#### AVAILABLE DATA
○ ○ ○ ○

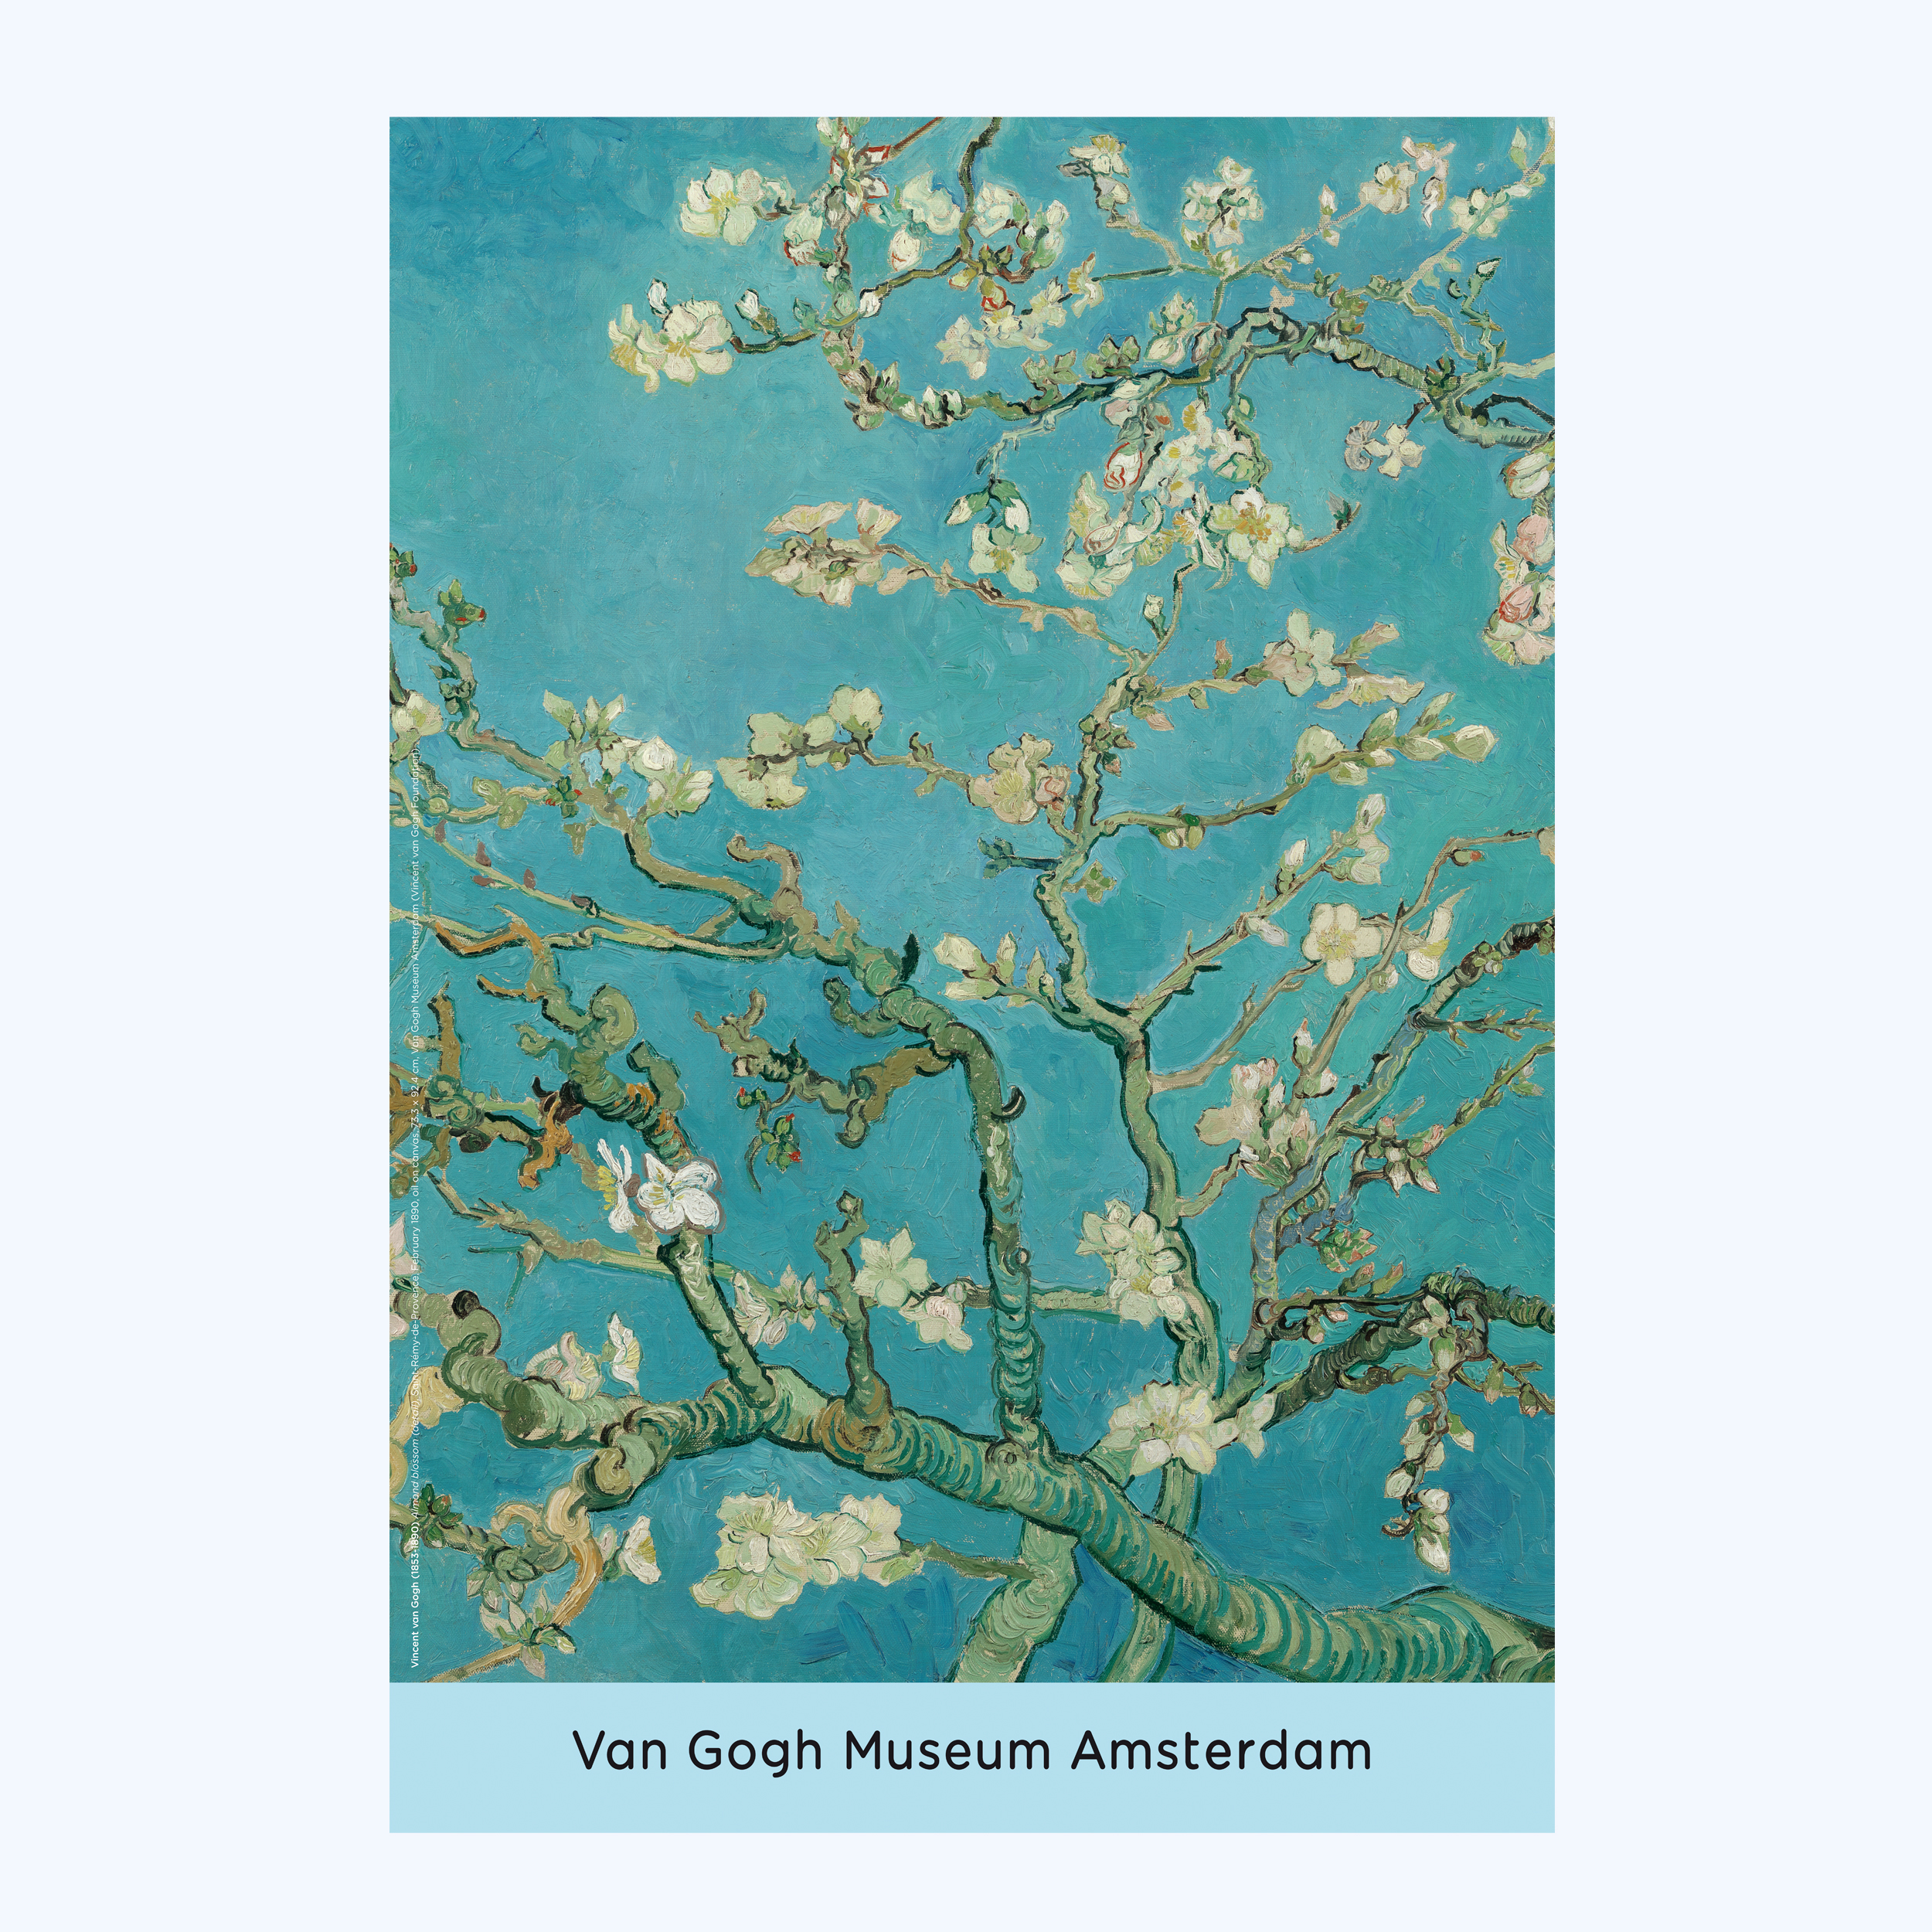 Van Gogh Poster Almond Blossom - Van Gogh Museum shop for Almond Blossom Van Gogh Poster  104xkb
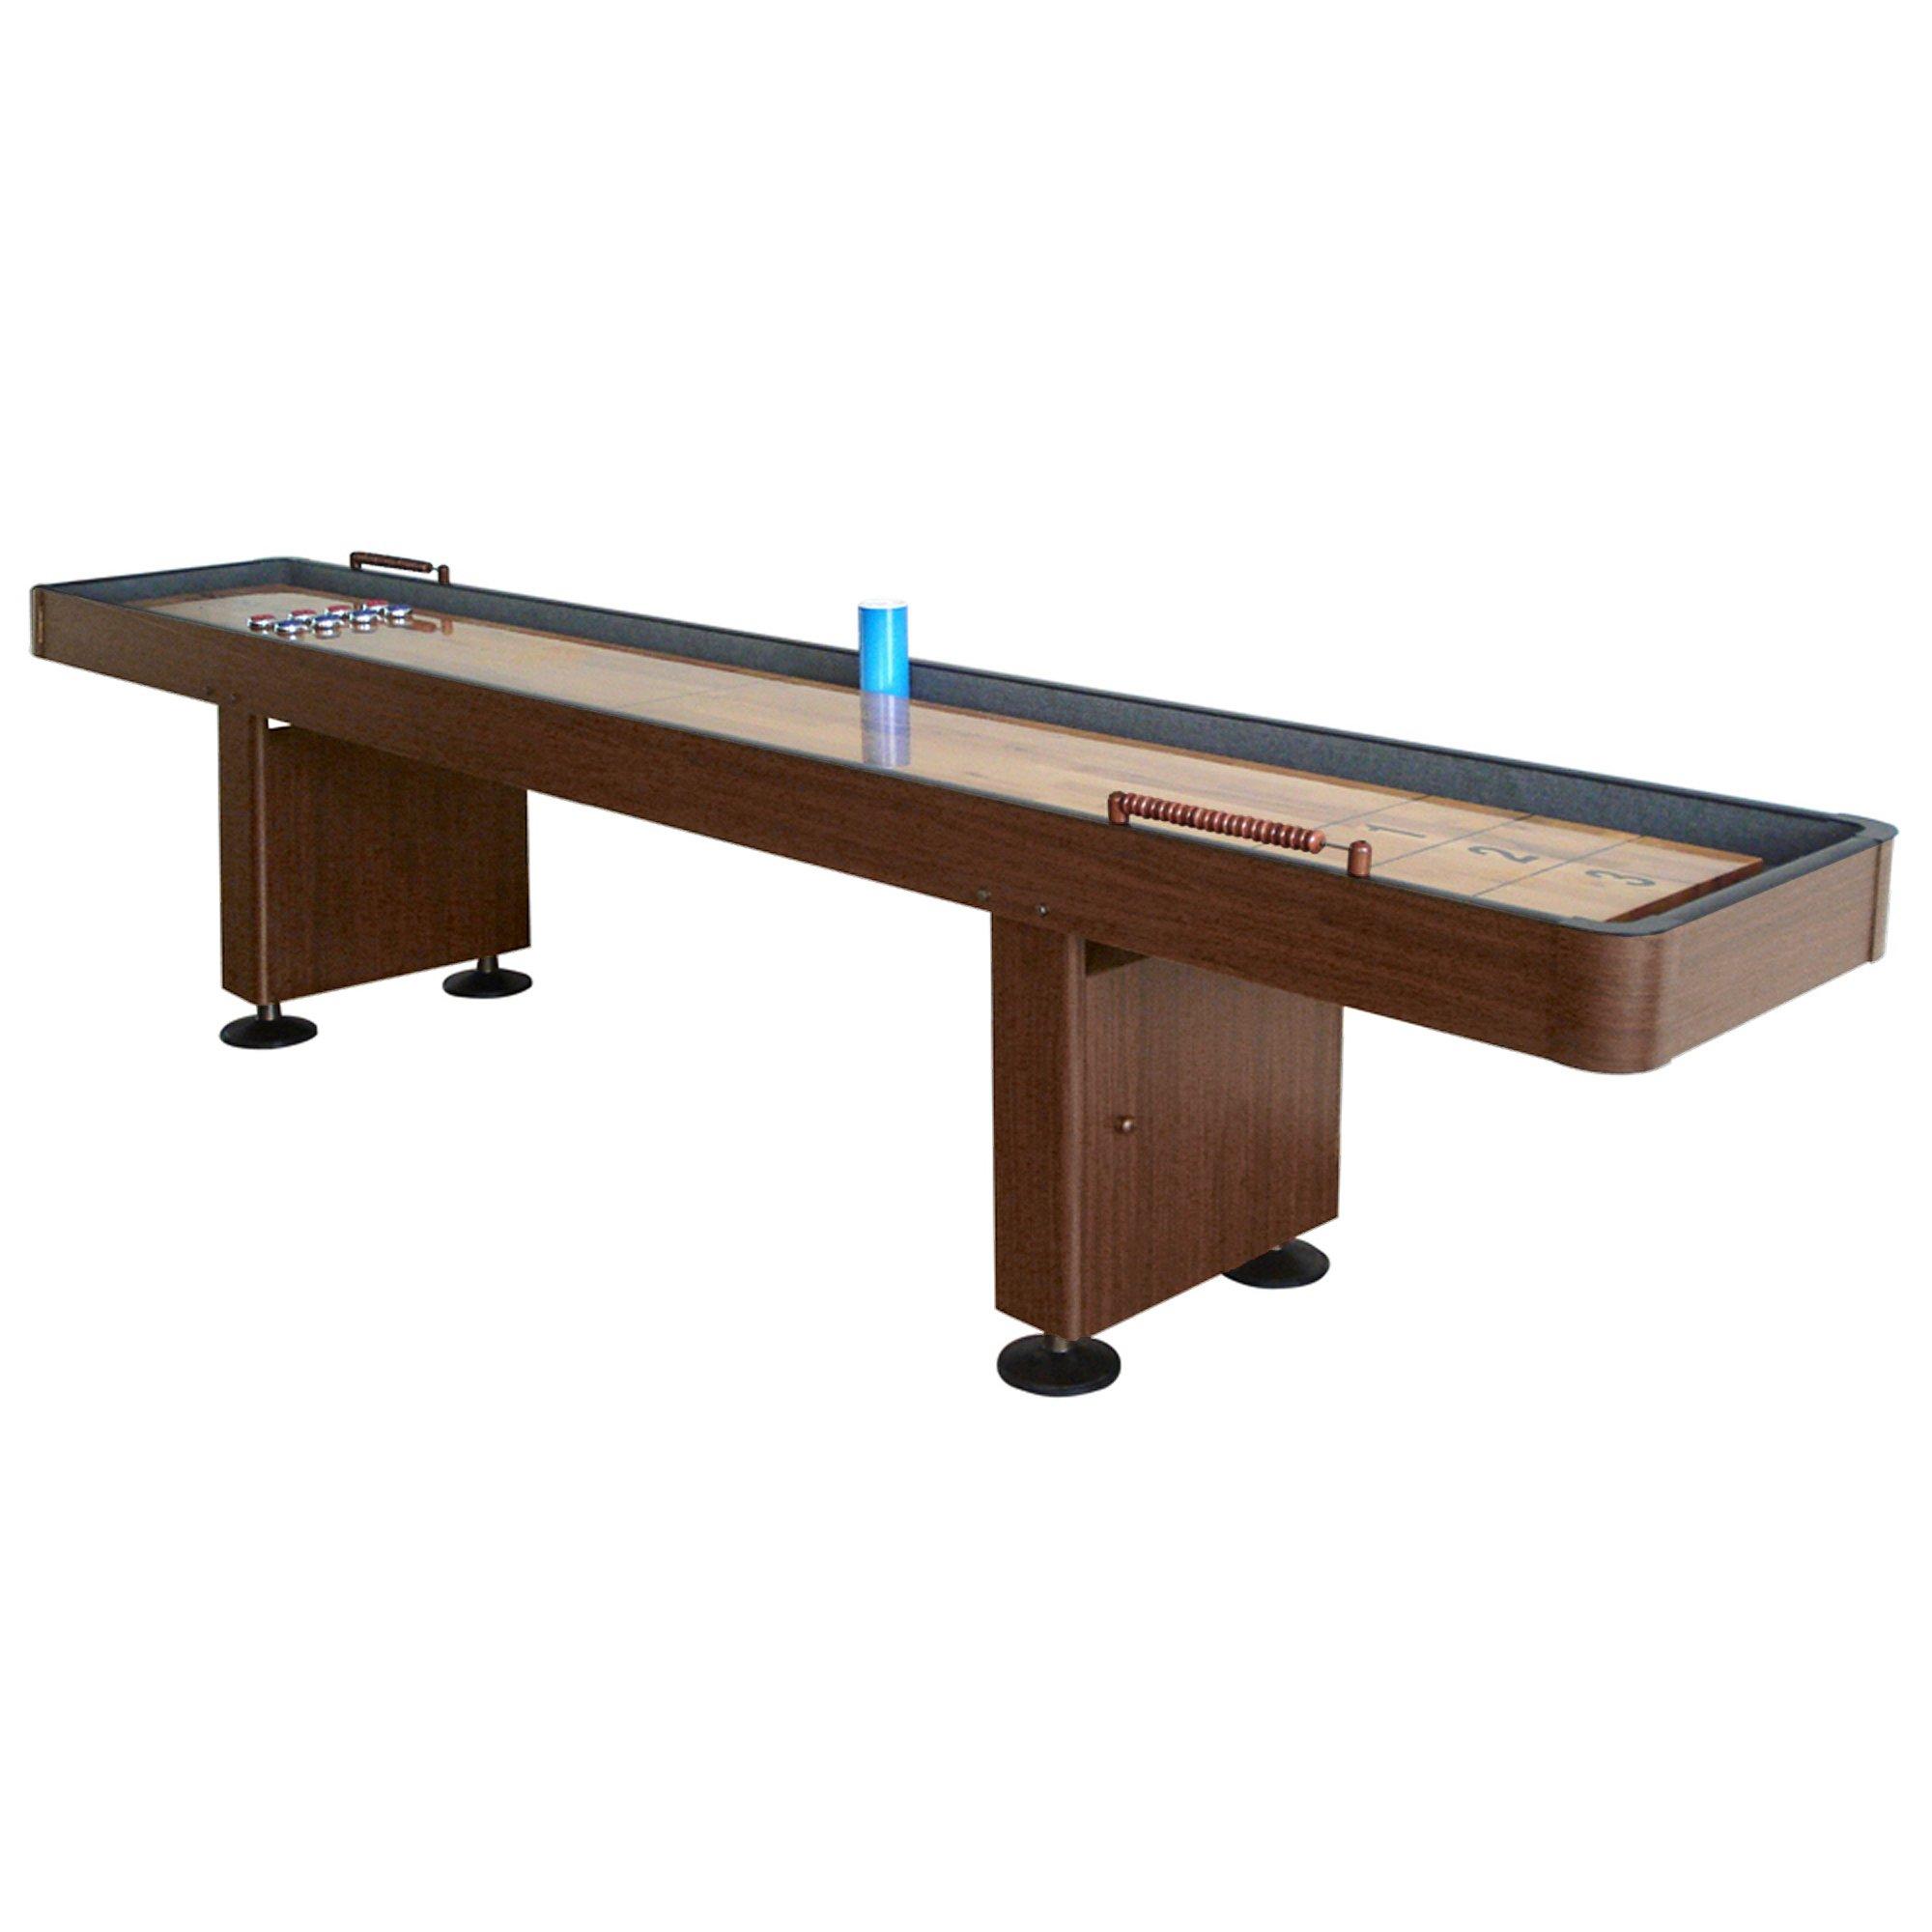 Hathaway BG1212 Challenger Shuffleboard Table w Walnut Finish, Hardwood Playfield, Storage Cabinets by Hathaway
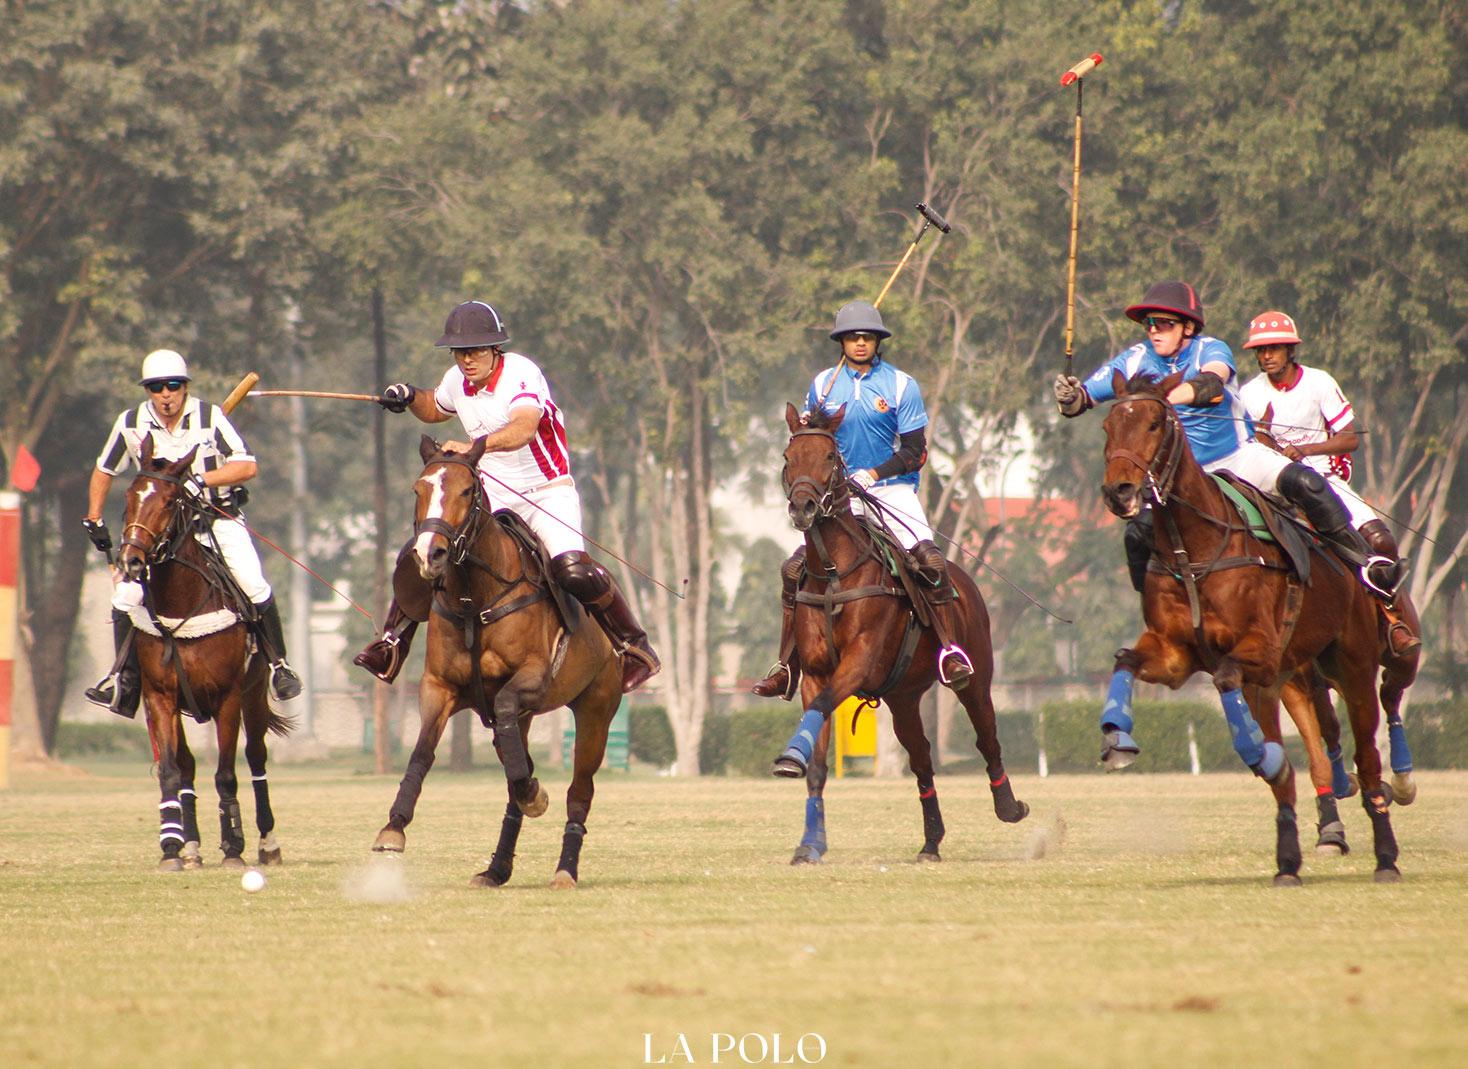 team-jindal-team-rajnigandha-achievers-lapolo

○ ○ ○ ○

#### WORK INSTRUCTION
Write the listing out a second time exactly, dropping all images.

#### ANSWER FOR THIS EXERCISE
 Van Gogh Poster Almond Blossom - Van Gogh Museum shop for Almond Blossom Van Gogh Poster  104xkb
 Hathaway BG1212 Challenger Shuffleboard Table w Walnut Finish, Hardwood Playfield, Storage Cabinets by Hathaway
 team-jindal-team-rajnigandha-achievers-lapolo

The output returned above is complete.